EAC and CD-Extras/Mixed mode

Reply #17
I where once testing out the newer Nero versions and when i tried to extract the second session data track from a CD-Extra release, then Nero wouldn't let me do it and gave an error message(i can't remember if it was the same message as the one you where getting, though). I always use v6.6.0.18, as i don't like v7 and i haven't looked at v8, since it's even more bloated than before... Maybe also the newer v6.6 versions will work i.e. v6.6.0.16(OEM), v6.6.1.4, v6.6.1.5 and v6.6.1.5c. I stick to v6.6.0.18, since the newer ones uses way to much RAM during writing(someone said v6.6.1.6 didn't, but then another one said it still did, but as i don't like using OEMs, then i didn't tested it out myself)...

EAC and CD-Extras/Mixed mode

Reply #18
Nero 6 won't install in Vista, so that's not an option. It did work in Nero 7 once before, but not anymore for some reason, so I hope there are other programs that can rearrange sector references.


EAC and CD-Extras/Mixed mode

Reply #19
My recipe for cooking Audio+CDExtra:

EAC: Image-copy of audio to wav+cue
NERO: Copy Data-Track to Image-File

1. Burn Audio-CD from image, but don't close CD
2. Burn with Nero the Data-Track as new session to the same CD


Is it possible to follow/adapt this recipe for mix-mode game CDs? I know there's an issue with copy-protected mix-mode game CDs, but let's assume the game CD is not copy-protected. But I don't just want another physical copy, I want an image file with flawless data & flawless AccurateRip/Paranoia sub-channel audio rip. The game data is track 1.

So I could use Nero to rip track 1 to do flawless data rip. Then use ExactAudioCopy or dBPowerAmp to do AccurateRip of the audio tracks as uncompressed WAVs. Then create a new Nero project/session and manually build the track 1 data, then append the AccurateRip WAVs.
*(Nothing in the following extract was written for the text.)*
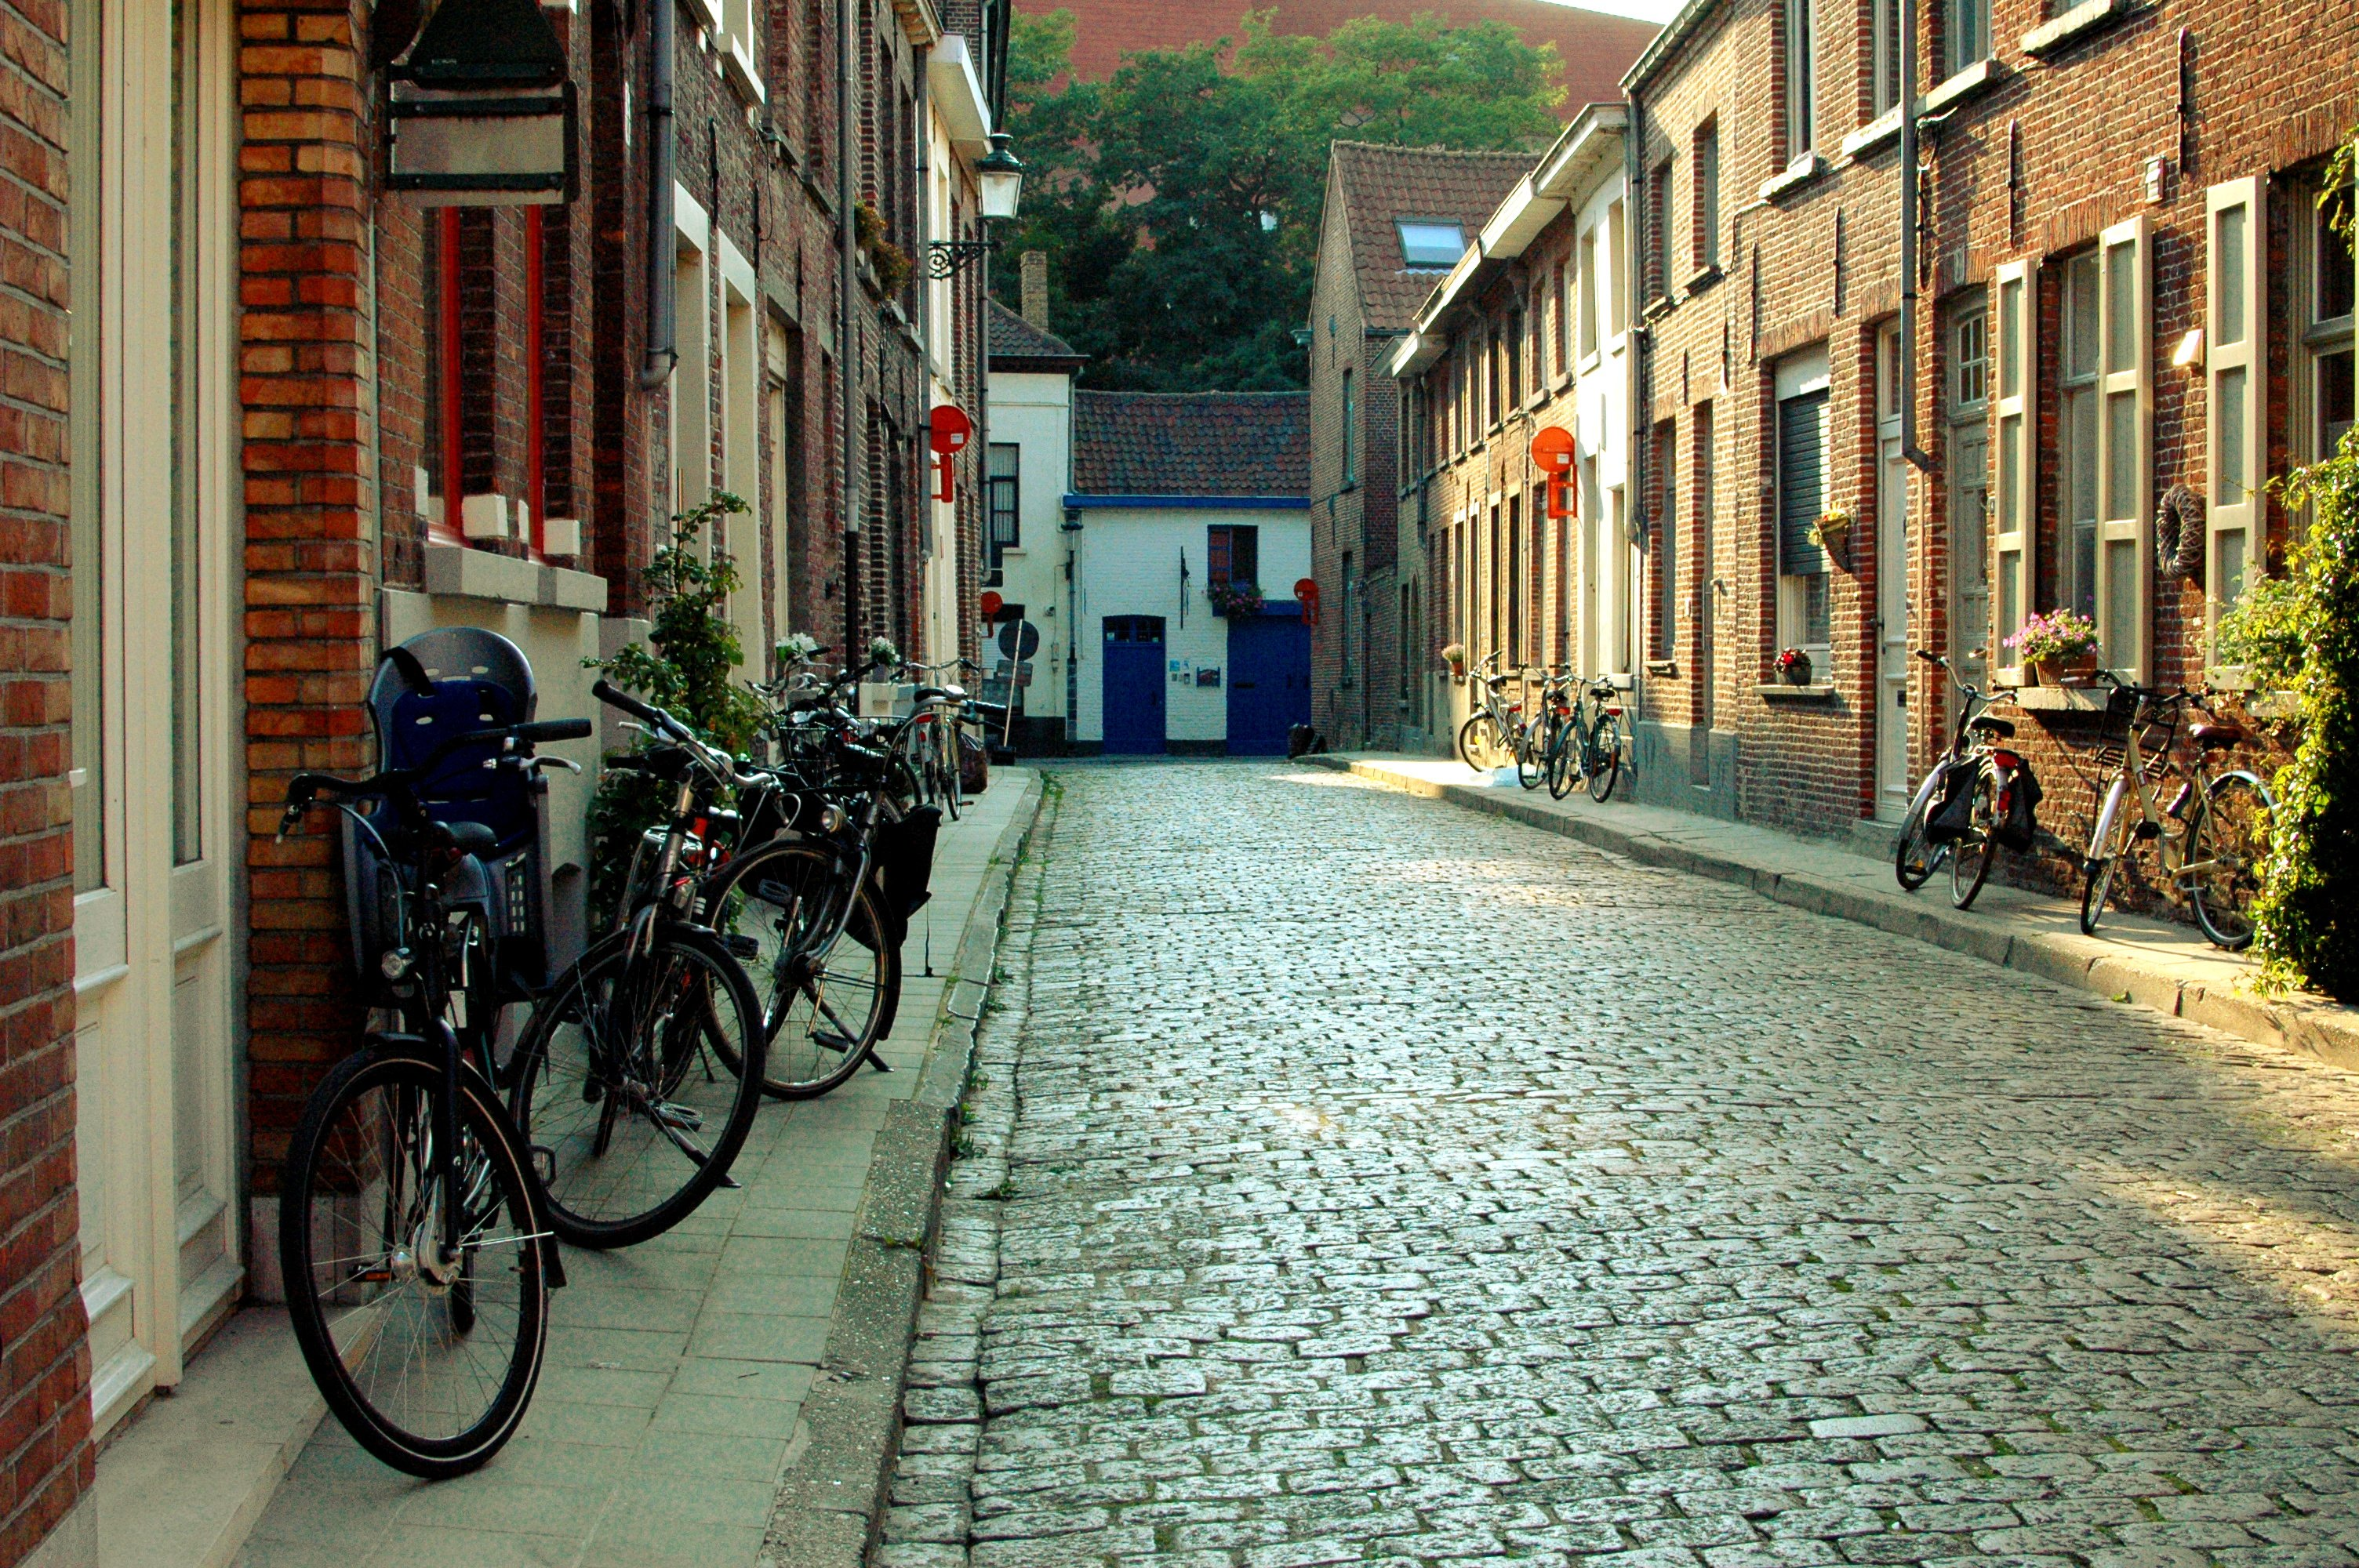 Bruges Streets - A Travel Guide to Bruges, Belgium

Then write to NRG image... then convert to BIN/CUE or CCD or MDS.


EAC and CD-Extras/Mixed mode

Reply #20
Nero 6 won't install in Vista, so that's not an option. It did work in Nero 7 once before, but not anymore for some reason, so I hope there are other programs that can rearrange sector references.

Nero 6 can install under Vista/Win7. It just warns you that there's compatibility issues. But you can say ignore and continue. I installed Nero 6 and it worked fine. I made CD images and that also worked fine.

Vista/Win7 complains the same with many other old ancient programs.